Not only are the cars of that era not as safety equipped as today's? But the roads were designed much more dangerously. We had an intersection of two State Highways converge. One of the Highway was its first signal light for sometime. Thus drivers were full speed for sometime before that intersection. It killed many. Was named #2 (at best) in the State of Minnesota for like 10 years straight. Finally removed with bridge. That project took 20+ years to complete. Because some of the road was State. Some municipal. And even Federal considerations. For us locals? Old HWY 100 and HWY 52. OUCH!
 
it was good and bad back then, most racers ran into something, not someone.(Ditch, telephone pole, highway bridge as you mentioned. There were half the cars, driving half the miles. But the annual death numbers are about the same. 43-47k per year.
so at least that shows the cars are safer, unless you run into a Big As,,, 68 Chrysler.
Then you are the Inflictee (Toy car)of damage vs the Inflictor(Ram 3500)as my state farm agent refers
 
I’ve seen footage of a crash test in that era, it’s likely somewhere on FBBO. But one look at this picture and you can see why fatality rates might be high. The only way I can assume you damage the front of a Charger is by rear ending a Ford or Chevy.
https://www.streetmusclemag.com/news/vintage-pic-depicts-flattened-69-charger-in-head-on-crash-test/
From the article:

"In the early days of automobiles, there were little to no laws or restrictions on vehicles, and many people wound up driving literal death traps on roads built not for cars, but horses and carriages. It wasn’t until 1955 when lap belts became standard feature on all domestic automobiles. Collapsible steering columns came a couple years later, and padded dashboards soon followed."
F A L S E.
Lap belts didn't become standard on Mopars across the board until 1965. Collapsible steering columns were in 1967.
 
From the article:

"In the early days of automobiles, there were little to no laws or restrictions on vehicles, and many people wound up driving literal death traps on roads built not for cars, but horses and carriages. It wasn’t until 1955 when lap belts became standard feature on all domestic automobiles. Collapsible steering columns came a couple years later, and padded dashboards soon followed."
F A L S E.
Lap belts didn't become standard on Mopars across the board until 1965. Collapsible steering columns were in 1967.

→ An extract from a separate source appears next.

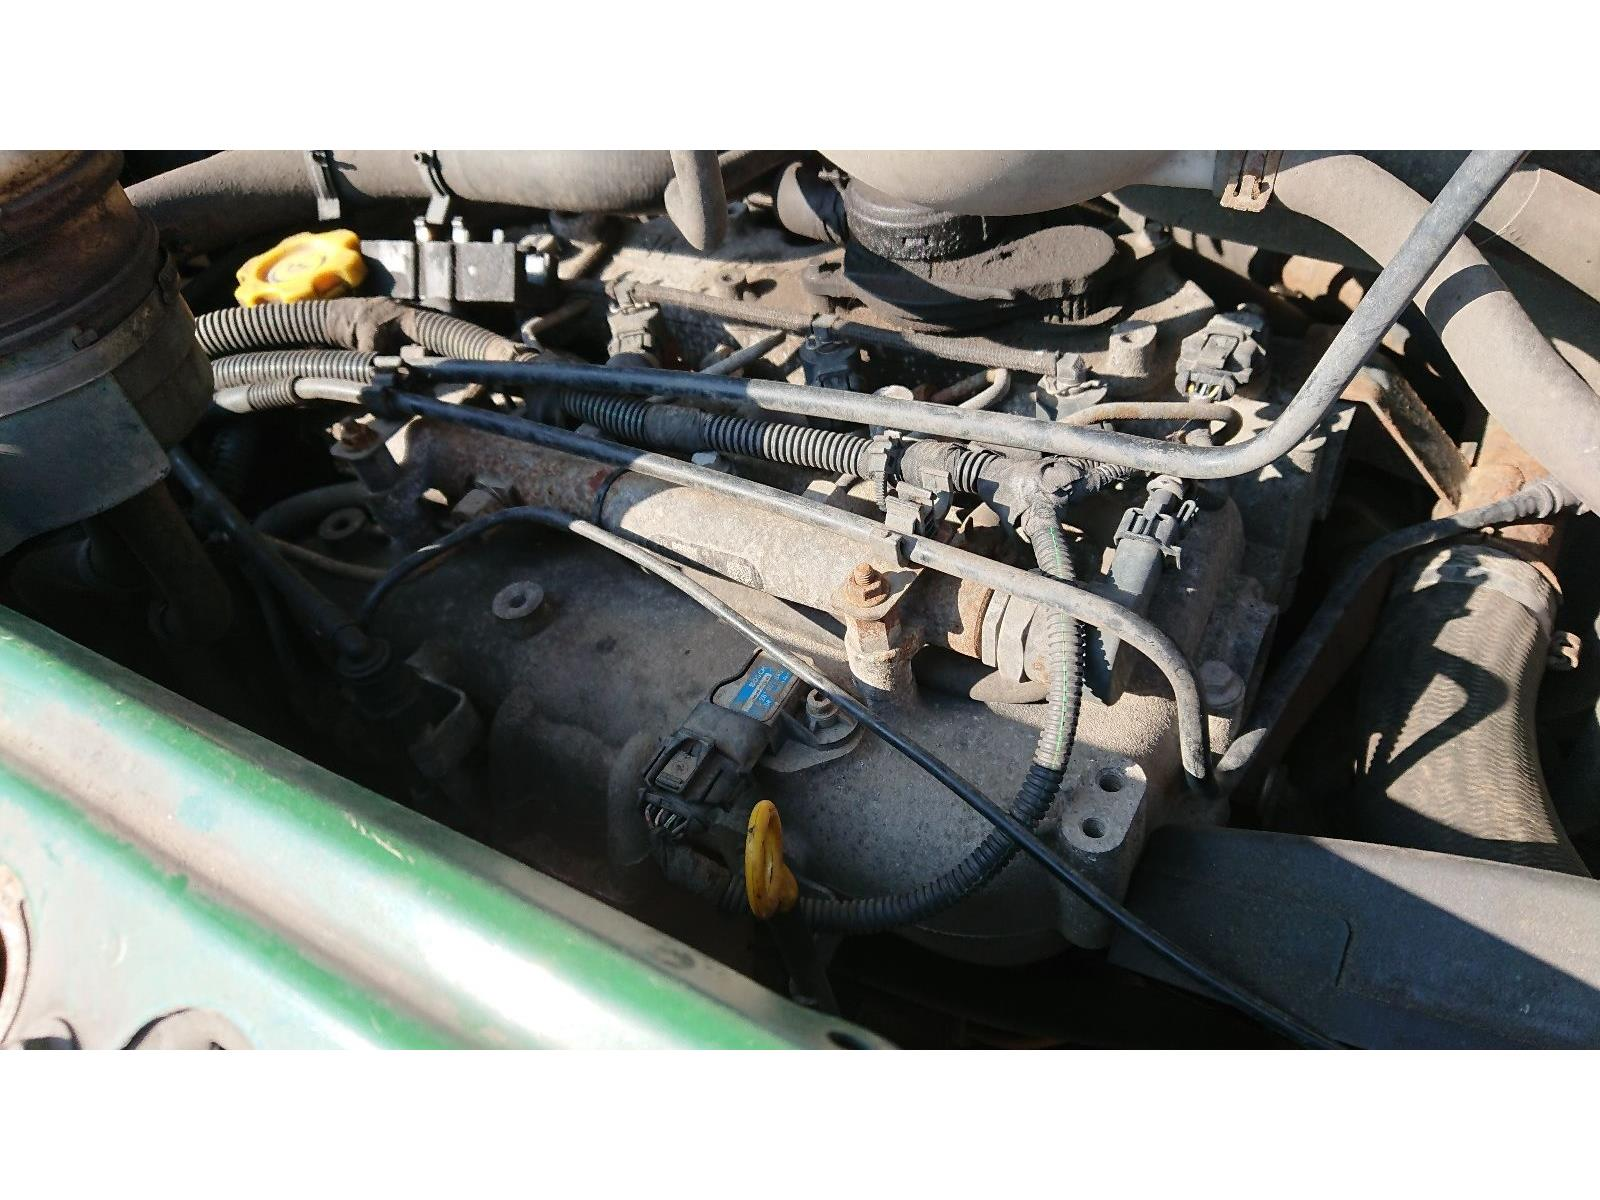 ... ENGINE LDV Maxus 08 On 2.5 120Bhp Diesel VMR425 (R2516L) & WARRANTY -  7380191 ...

my 63 fury old grandma car had no belts. And my teenage kids in 1998 were afraid to get in because there were no belts. I told the kids if we crash, just jump out ahead of time!
Kids are so gullible! HAHA
 
High School. 69 Roadrunner. River Road. 4 killed. Pics showed the head on into a tree. Swear the tree was between the rear speakers. The Viewings were awful.
You could hear the girls crying when you were still outside the Funeral Home. Worst was my friend
Jeff Fellencer. 70 Torino. Another tree, this time on Hamilton Blvd. He was a good guy, I often think of him. Allentown.
 
Now I’m looking up Obits and headlines from the 70’s WTF.